Avro file format is one of the popular file formats in Hadoop based applications. Avro is an Apache™ open source project that provides data serialization and data exchange services for Hadoop®. These services can be used together or independently. Using Avro, big data can be exchanged between programs written in any language
Highlighted certification item is covered as part of this topic.
Use Data Definition Language (DDL) to create tables in the Hive metastore for use by Hive and Impala.

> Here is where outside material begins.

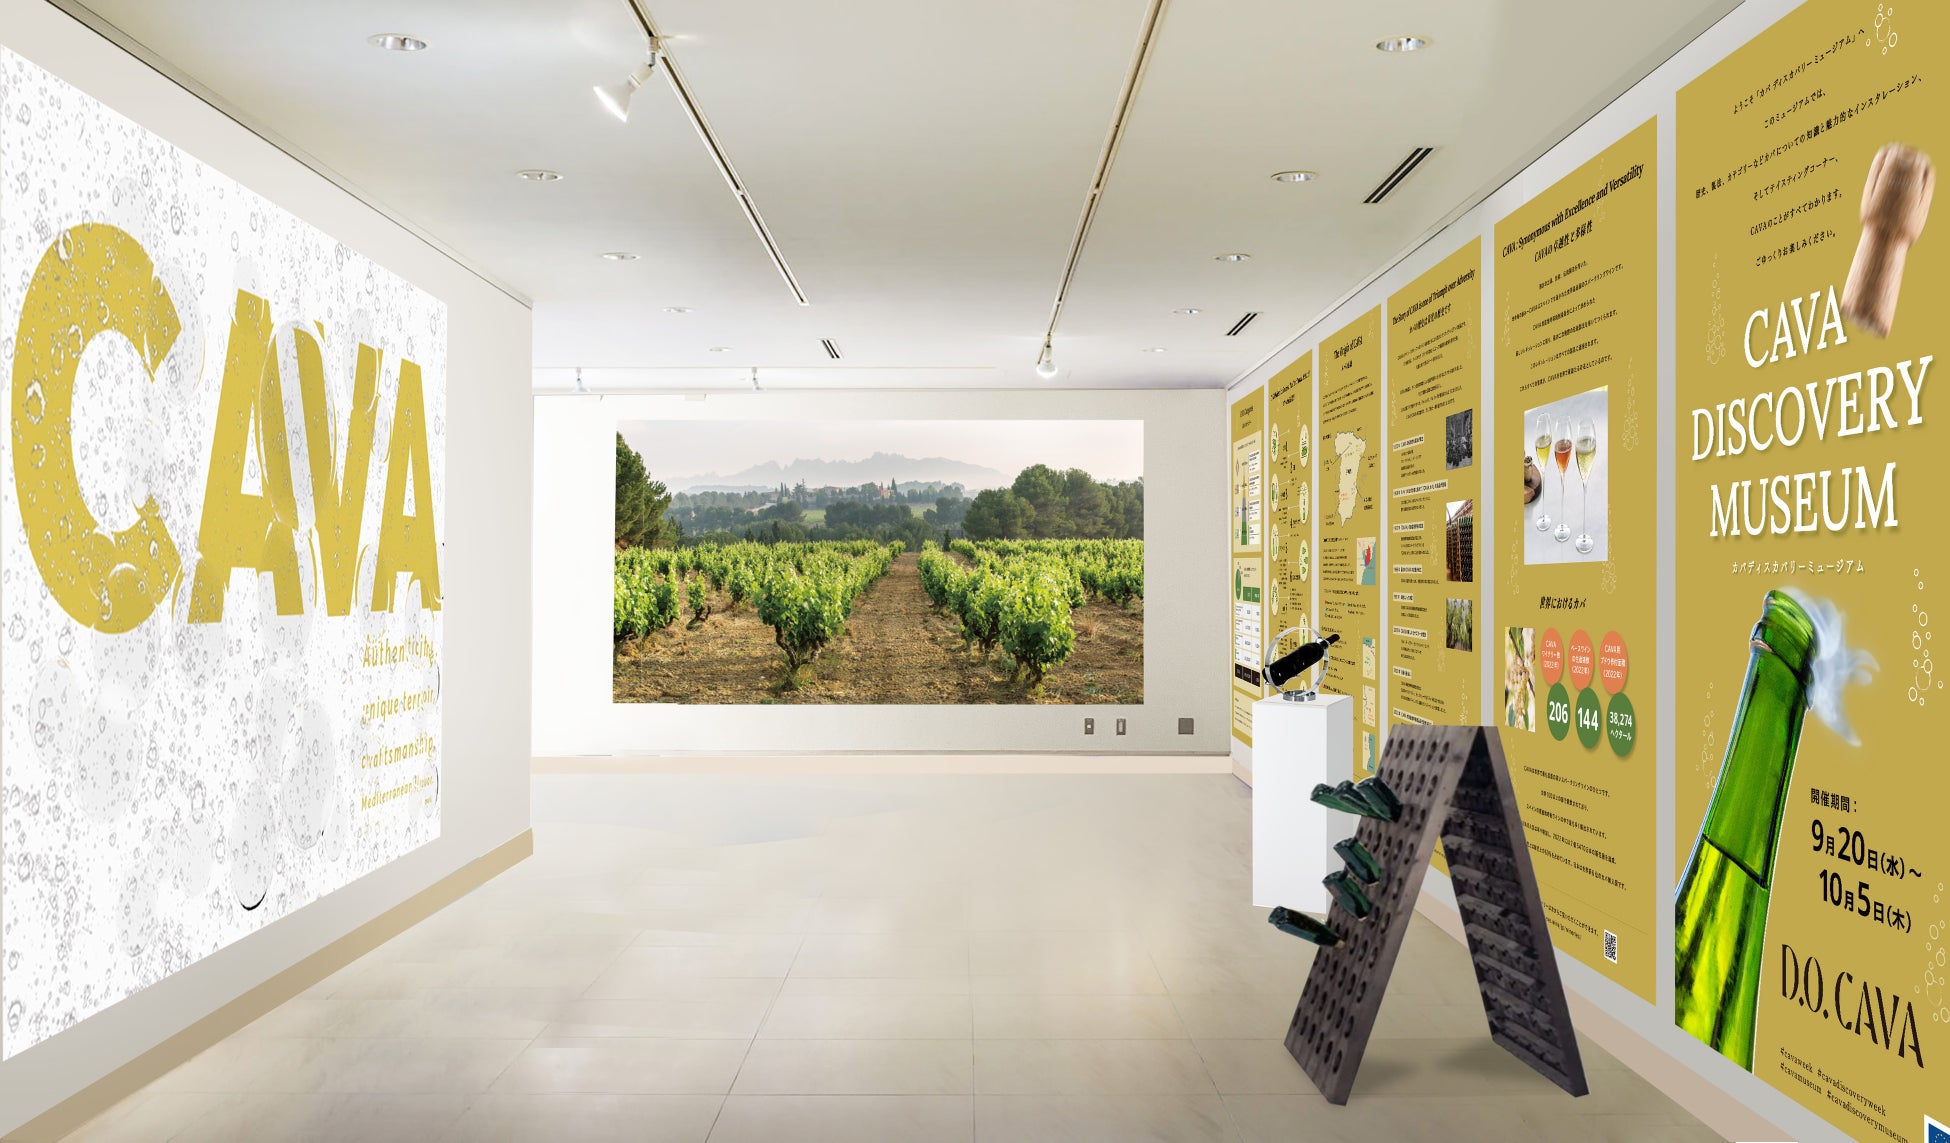 スペイン産スパークリングワインCAVAの伝統と歴史を学び世界観を体験できるCAVA初の展覧会「CAVA DISCOVERY MUSEUM」開催

- Read and/or create a table in the Hive metastore in a given schema
- Extract an Avro schema from a set of datafiles using avro-tools
- Create a table in the Hive metastore using the Avro file format and an external schema file
- Improve query performance by creating partitioned tables in the Hive metastore
- Evolve an Avro schema by changing JSON files
Here is the video which explains the process of creating hive partitioned table using avro file format
- Here is the example for creating tables with different names than column names in avsc files
CREATE TABLE orders_part_avro ( order_id int, order_date bigint, order_customer_id int, order_status string ) PARTITIONED BY (order_month string) STORED AS AVRO LOCATION 'hdfs:///user/cloudera/sqoop_import/orders_part_avro' TBLPROPERTIES ('avro.schema.url'='hdfs://quickstart.cloudera/user/cloudera/avsc_files/orders_part_avro.avsc');